We rounded a curve. A hillside, now held back by gabions, towered up beside us in a famed landslip location. Atop the hill was the remnants of a cottage, swamped by ivy and unchecked shrubbery. No red dressing gown waved from the window.

I pulled myself back into the cab and hobbled back towards the shovel. Anne was watching gauges, checking controls, in what amounted to wizardry to my uninitiated brain. No two trains controlled the same. Control layout and sensitivities varied between classes. Each engine was their own being, even without Sodor's mystical nature thrown into the mix.

"Everything looks so... wild," Thomas said, "Terence's field looks like a miniature forest!"

I craned my neck mid-shovel to look outside. What had once been a plowed field was drowned by grasses, wildflowers and silver birch trees the height of a man.

"What happened to him?" Thomas called back to Anne.

"I don't know," she replied, adjusting the brake and regulator.
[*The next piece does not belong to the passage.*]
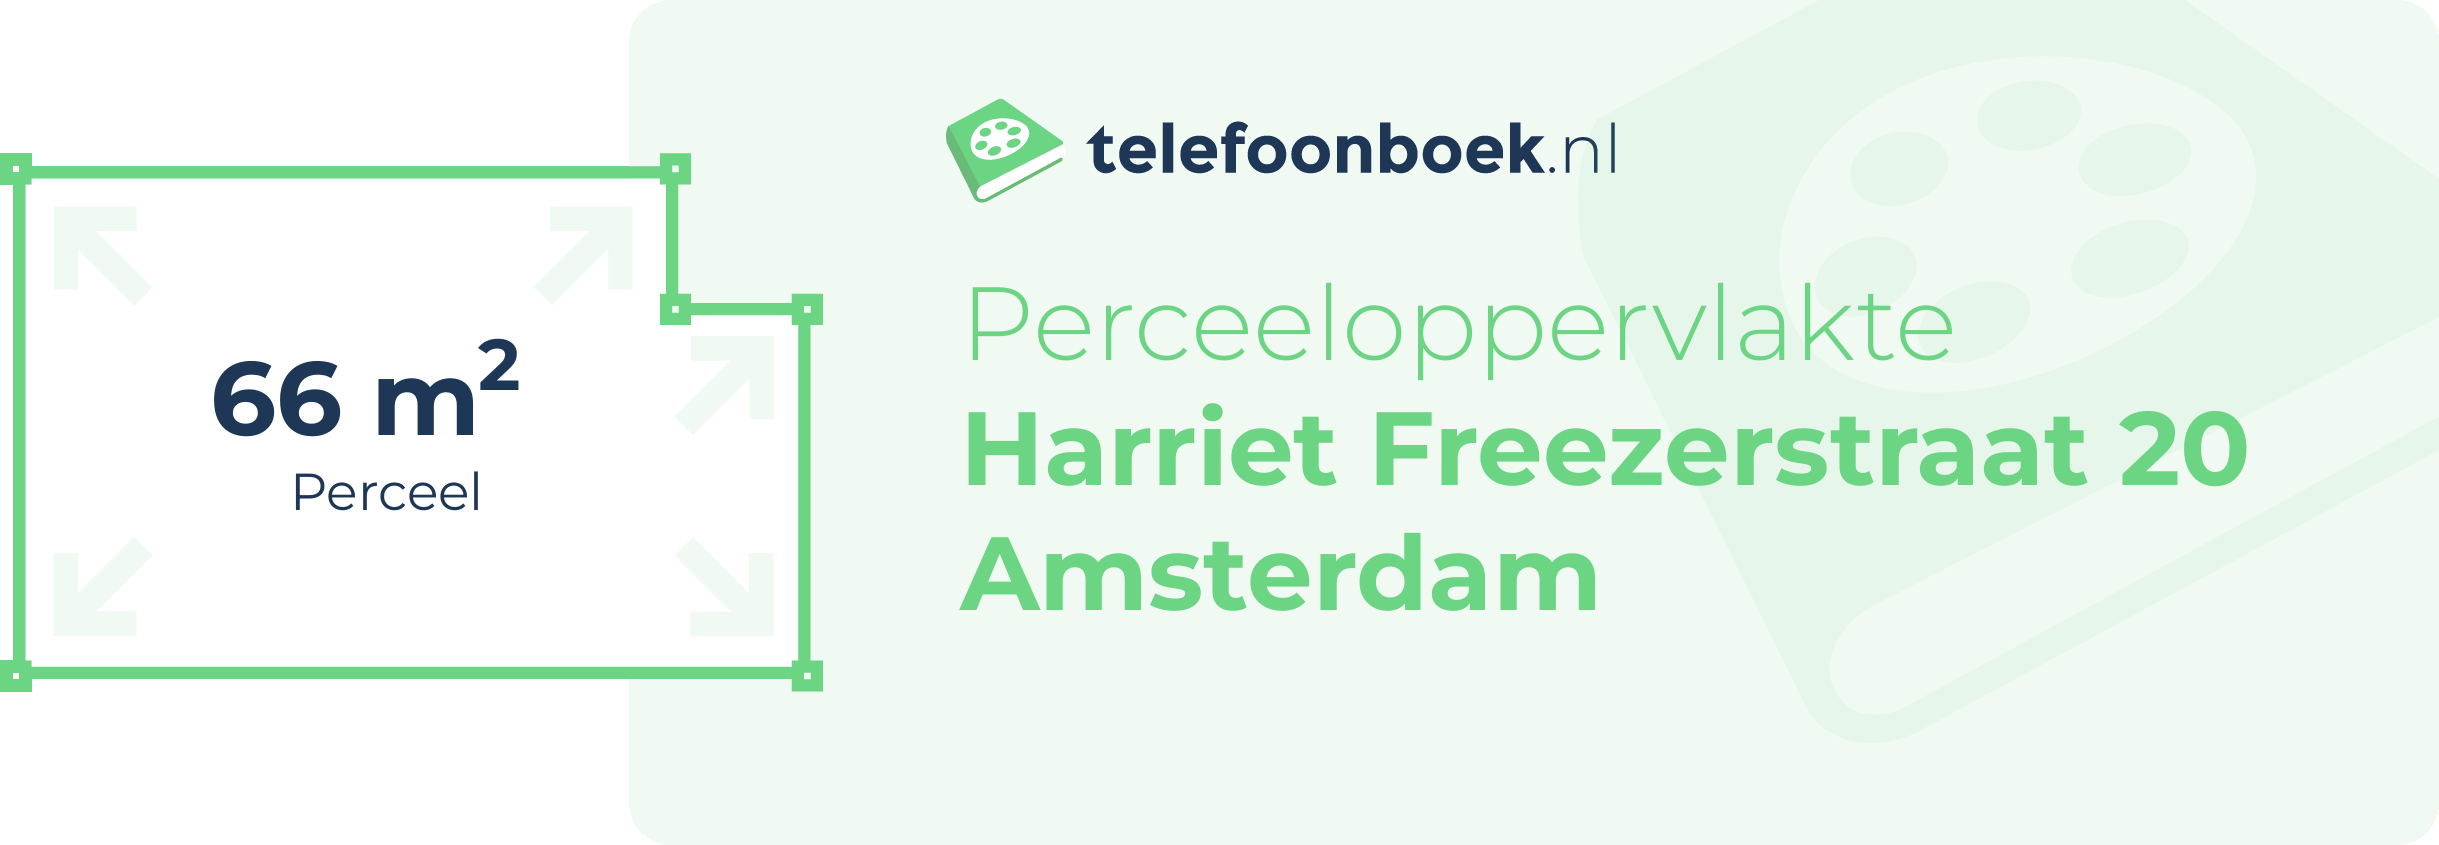 Perceeloppervlakte Harriet Freezerstraat 20 Amsterdam

Thomas slowed, his puffs weakening enough to hear the rattling Defender on the tracks behind us. "How's the tunnel looking?" Anne called ahead.

"Hard to tell," Thomas answered, "I can't see the end."

"We'll have to hope for the best," Anne slowed us to a crawl as we approached the tunnel entrance. If there was the slightest blockage, she could stop us immediately, and hopefully reverse us out without issue.

Or so I told myself. Terence wasn't around to help this time.

We edged down the tunnel, pistons hissing. Steam washing a hot mist through the cab. Scratching and scraping disturbed the roof above me. "What's that?"

It wasn't falling rock, or soil. The dark tunnel took on a claustrophobic, constricting feel, not helped by the unidentifiable sound.

"It feels prickly," Thomas said, hushed, "I think its roots from the soil, creeping through the brick roof."

"We best get out before one catches us, and brings the bricks and dirt down," Anne instructed. Our speed kicked up a micro-notch, and light soon emerged ahead. "Tunnel's clear!"

We burst forth back into daylight, breathing in relief. I shovelled some more biochar into the firebox, then Anne stopped me with her arm. "It's burning slower than coal, but more efficiently. Let's see how we go."

I nodded, putting the shovel down as I returned to the cab door. Anne let Thomas gather speed. "What I'd give for some weedkiller," Thomas moaned, flattening some more horsetails and thistles we went. I wondered if they were irritating his undercarriage.

"How does the track-bed feel?" Anne called out, "Any loose rails or uneven ballast?"

"Not enough to concern me yet," said Thomas.

A rumble underneath us shook us, but we continued on.

"Best be cautious, just in case," Anne grimaced.

I looked out the cab. Callan river was running parallel too us. The track's embankment had had its side eaten away or into by fluctuating water levels over the years. The high-water mark was close to the bottom of the sleepers.